Write out the full listing exactly as given, minus the images.

Recorded information:
..............................

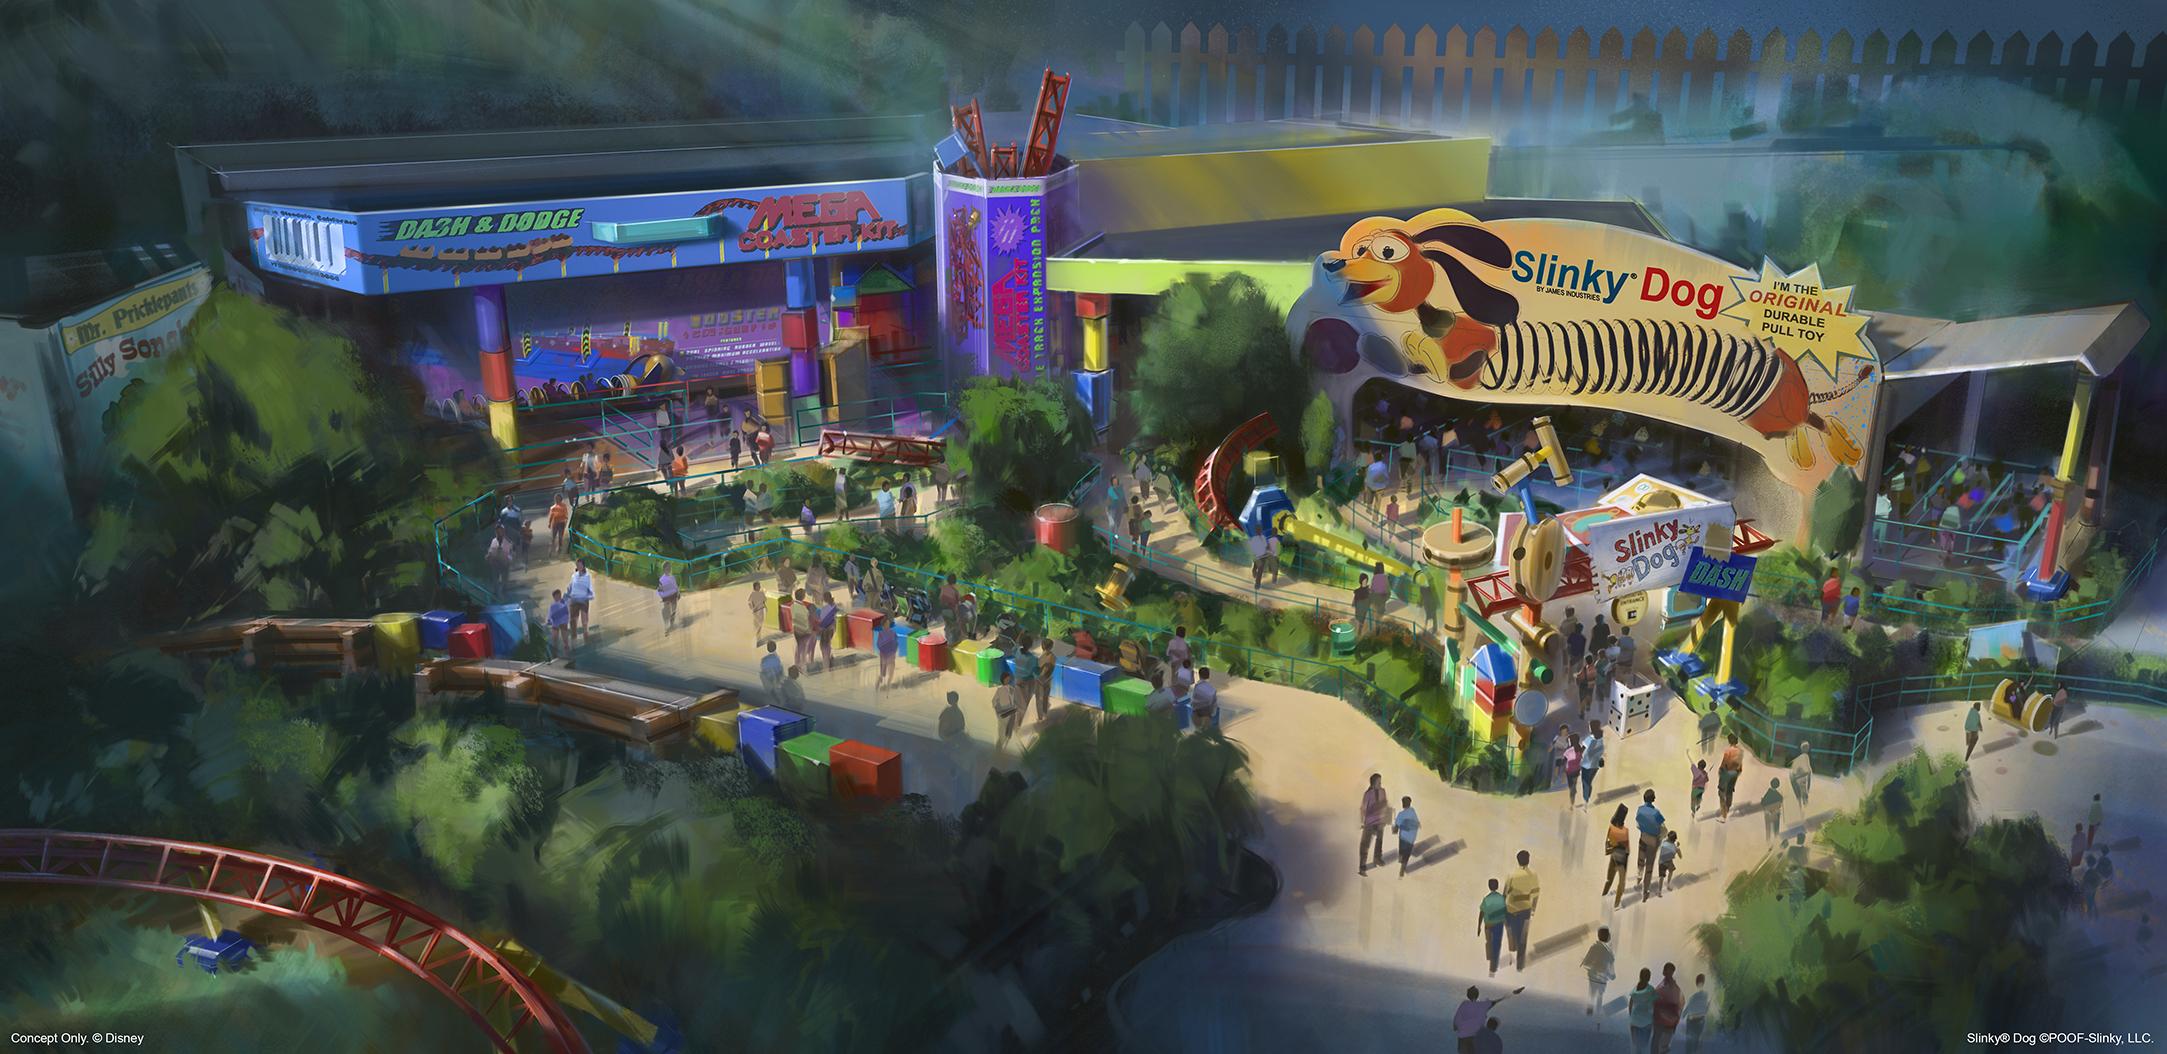 Slinky-Dog-Toy-Story-Land.jpg
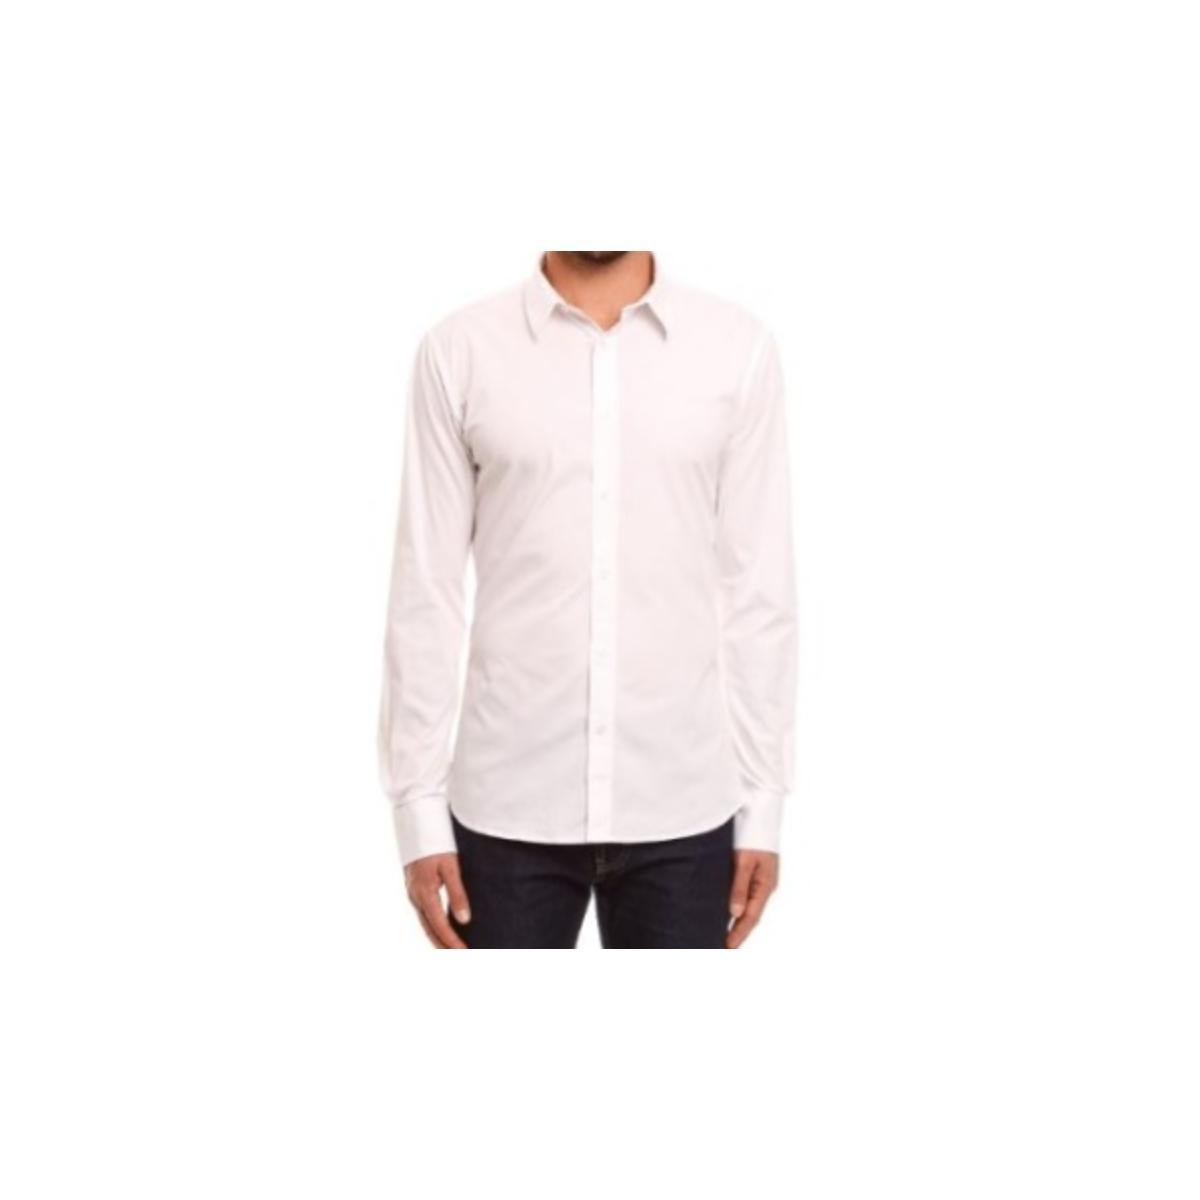 Camisa Masculina Colcci 310103397 001 Branco
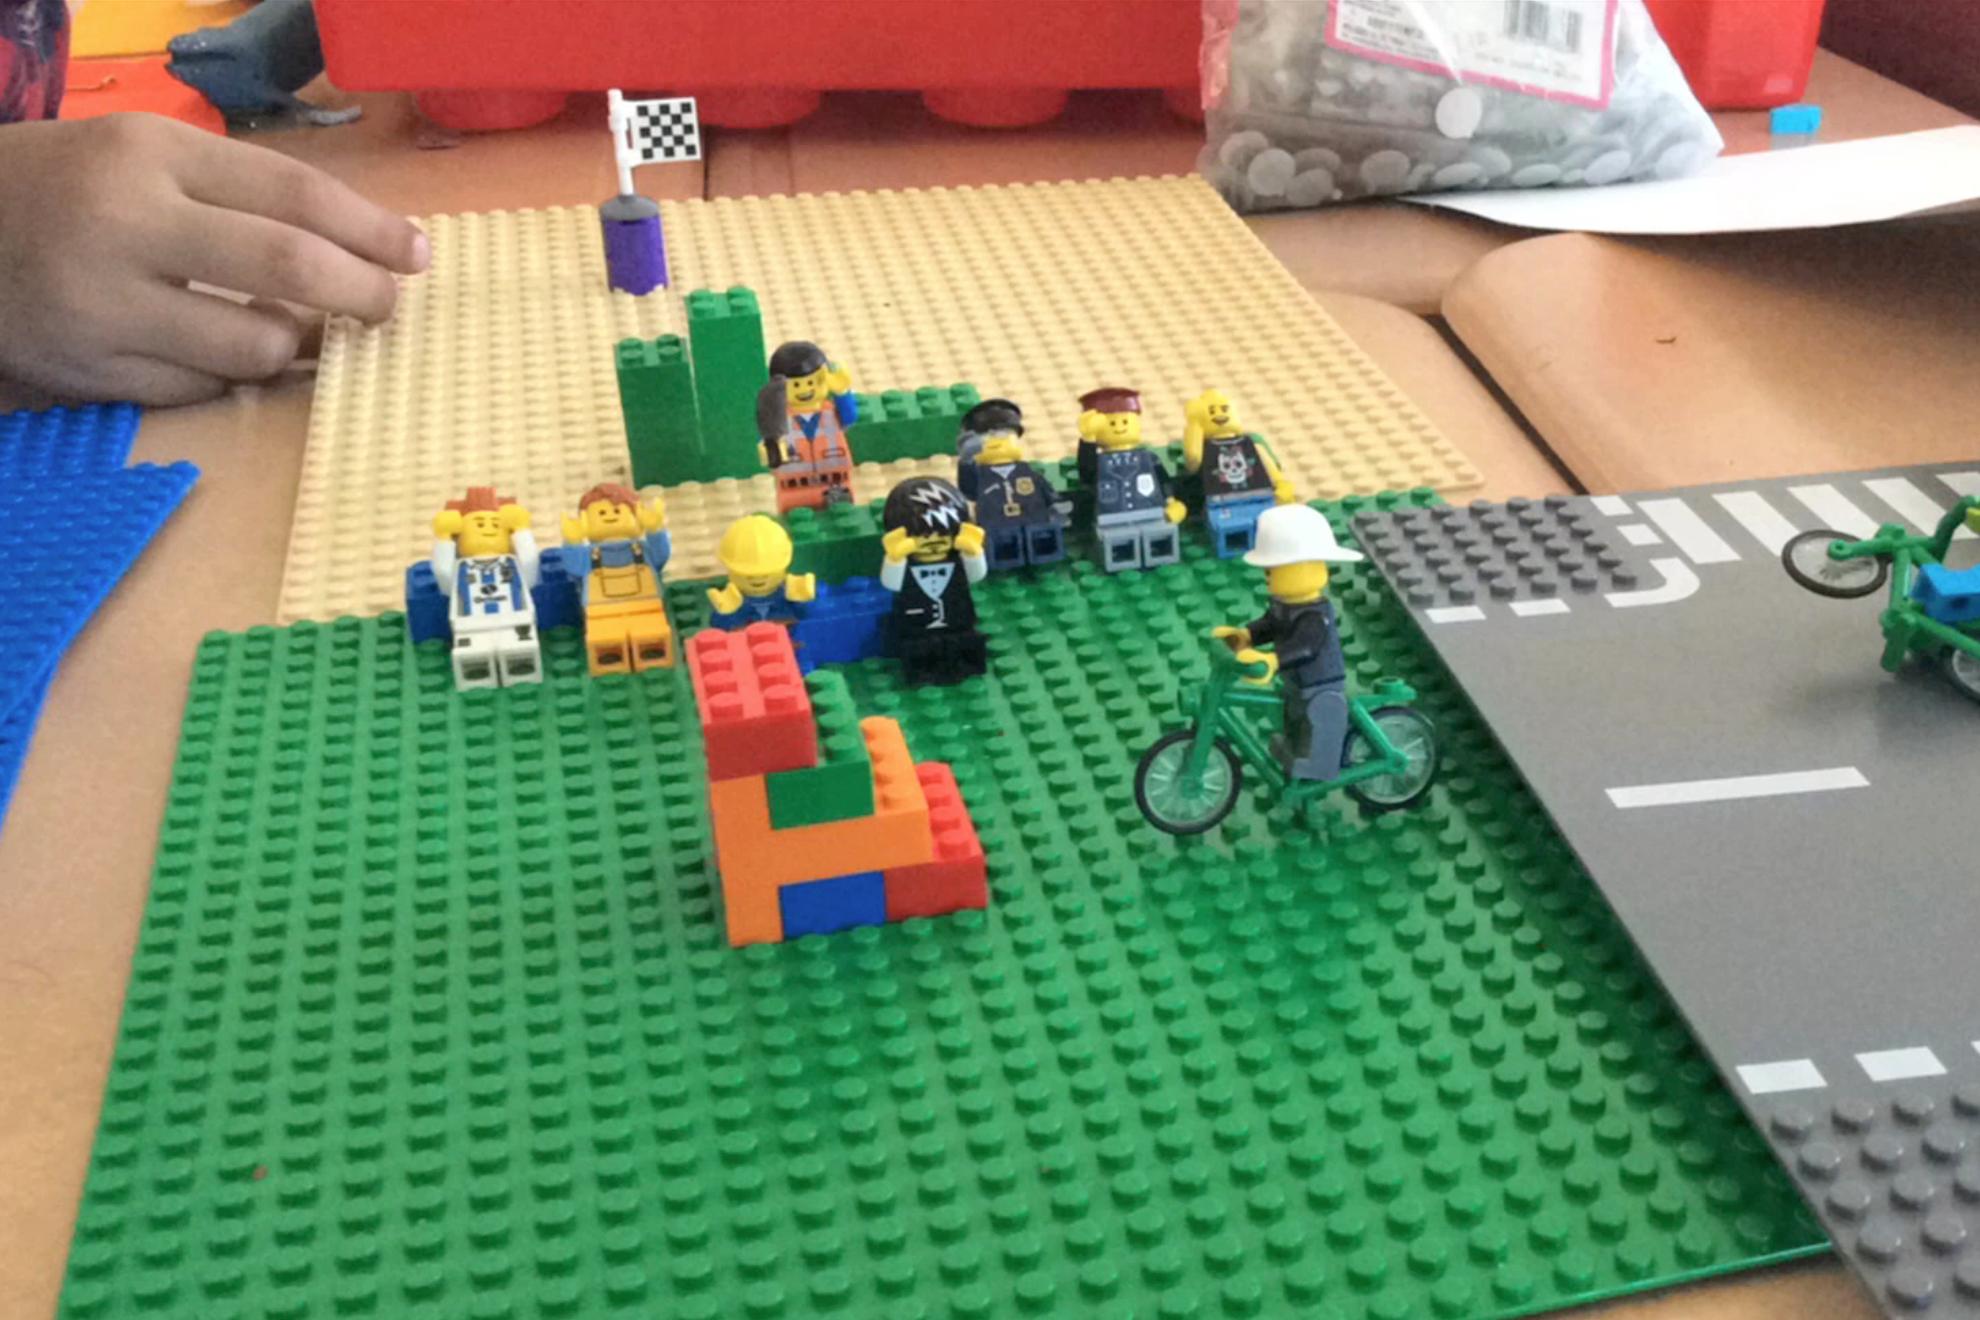 Lego-mation

..............................

Solved problem:
 Slinky-Dog-Toy-Story-Land.jpg
 Camisa Masculina Colcci 310103397 001 Branco
 Lego-mation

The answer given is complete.